Um 13.15 Uhr sorgte Hendrik Thoma für eine volle Falstaff Lounge, der unter dem Titel «Österreichs Reifeprüfung» typische österreichische Weine in je zwei Reifegraden präsentierte. Nachdem Othmar Kiem bereits am Sonntag die Sortenreinen aus Sizilien vorgestellt hatte, waren am Montag die Blends an der Reihe, deren regionale Eigenheiten detailliert von Moderator Kiem beschrieben wurden.

Made in England
Nachdem sie den Tag bereits eingeleitet hatte, blieb Anne Krebiehl auch die Abschlussveranstaltung «Sparkling England», in der sie den Fokus auf die junge, aber bereits mit ihren Schaumweinen sehr erfolgreiche englische Weinindustrie legte.

Aber auch abseits des Falstaff-Standes gab es diesmal wieder prominente Begegnungen. Besuchte Falstaff Wein-Chefredakteur Deutschland Ulrich Sautter am Sonntag noch Julien de Beaumarchais und Camille Sereys de Rothschild zum Interview, so traf am Montag Falstaff Österreich Geschäftsführerin Elisabeth Kamper auf US-Botschafter John Emerson und seine Frau Kimberly Marteau Emerson.

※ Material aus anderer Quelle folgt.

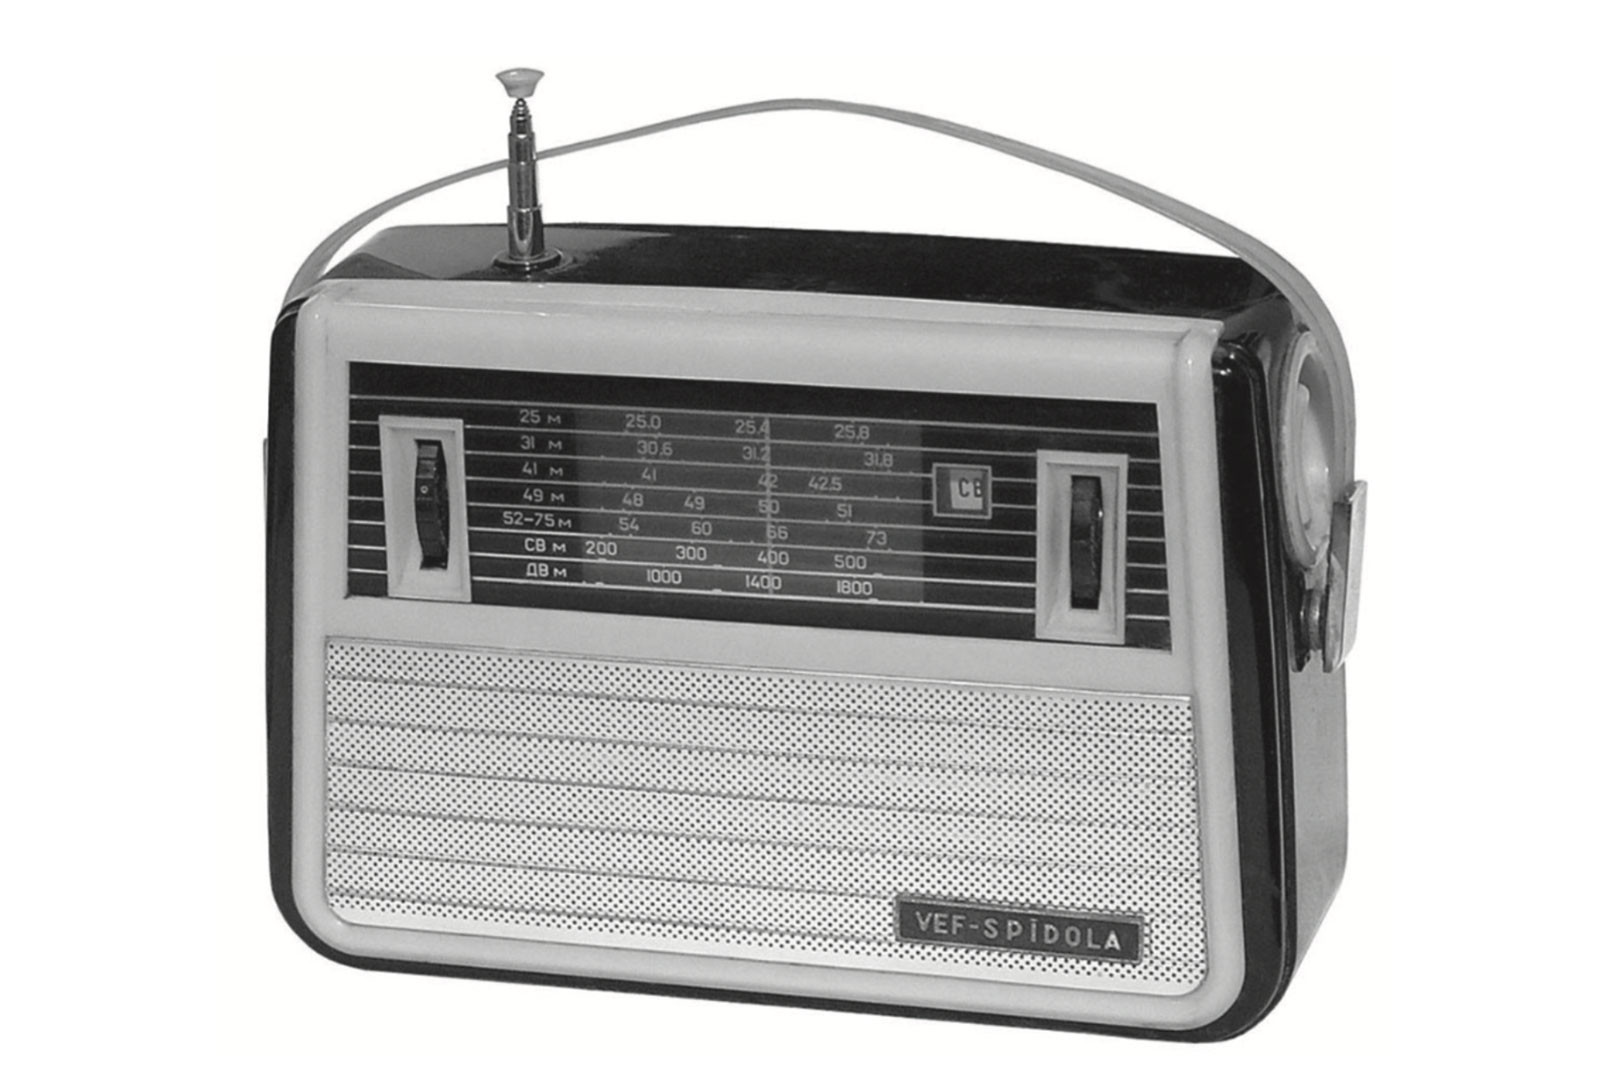 Коротковолновый радиоприемник «ВЭФ-Спидола» (Рижский радиозавод, начало выпуска&nbsp;— 1960&nbsp;г.)
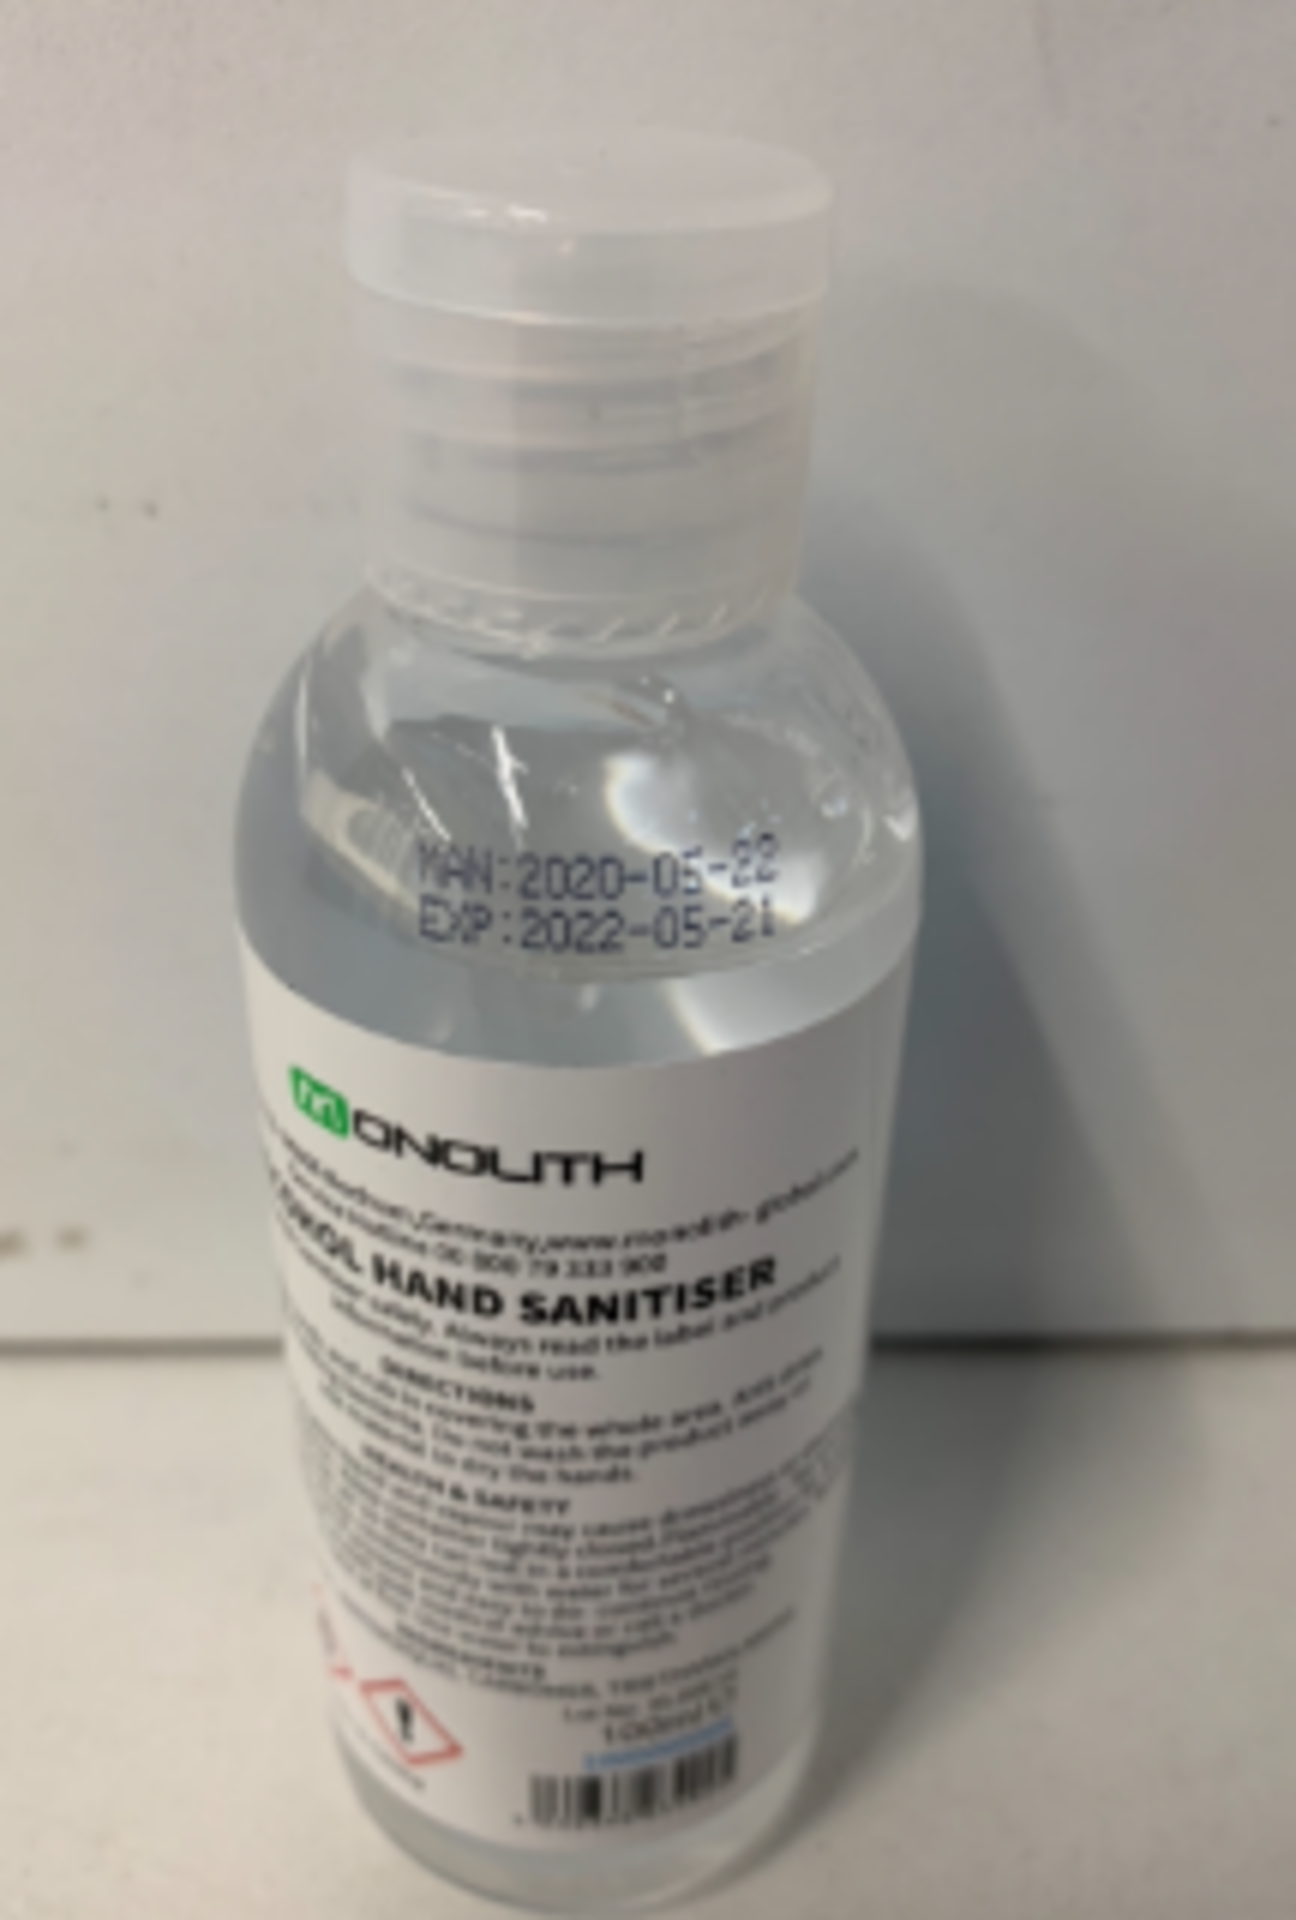 144 x 100ML Bottles Of Monolith Hand Sanitiser - Image 2 of 2

Wie schon der erste Tag klang auch der zweite Messetag beim »Fair-End-Beer« in der Falstaff-Lounge mit den erfrischenden Bierspezialitäten aus dem Hause Köstritzer aus.

Prickelndes Finale
Prickelnde Erkenntnisse versprach das Tasting am dritten Messetag mit Champagner-Botschafterin Gerhild Burkard. Die Kreideböden und das kühle Klima in der Champagne bringen besonders mineralische Weine hervor. Den begeisterten Besuchern wurden die neuesten Trends von kleineren, noch unbekannteren Häusern und Winzern nahegebracht.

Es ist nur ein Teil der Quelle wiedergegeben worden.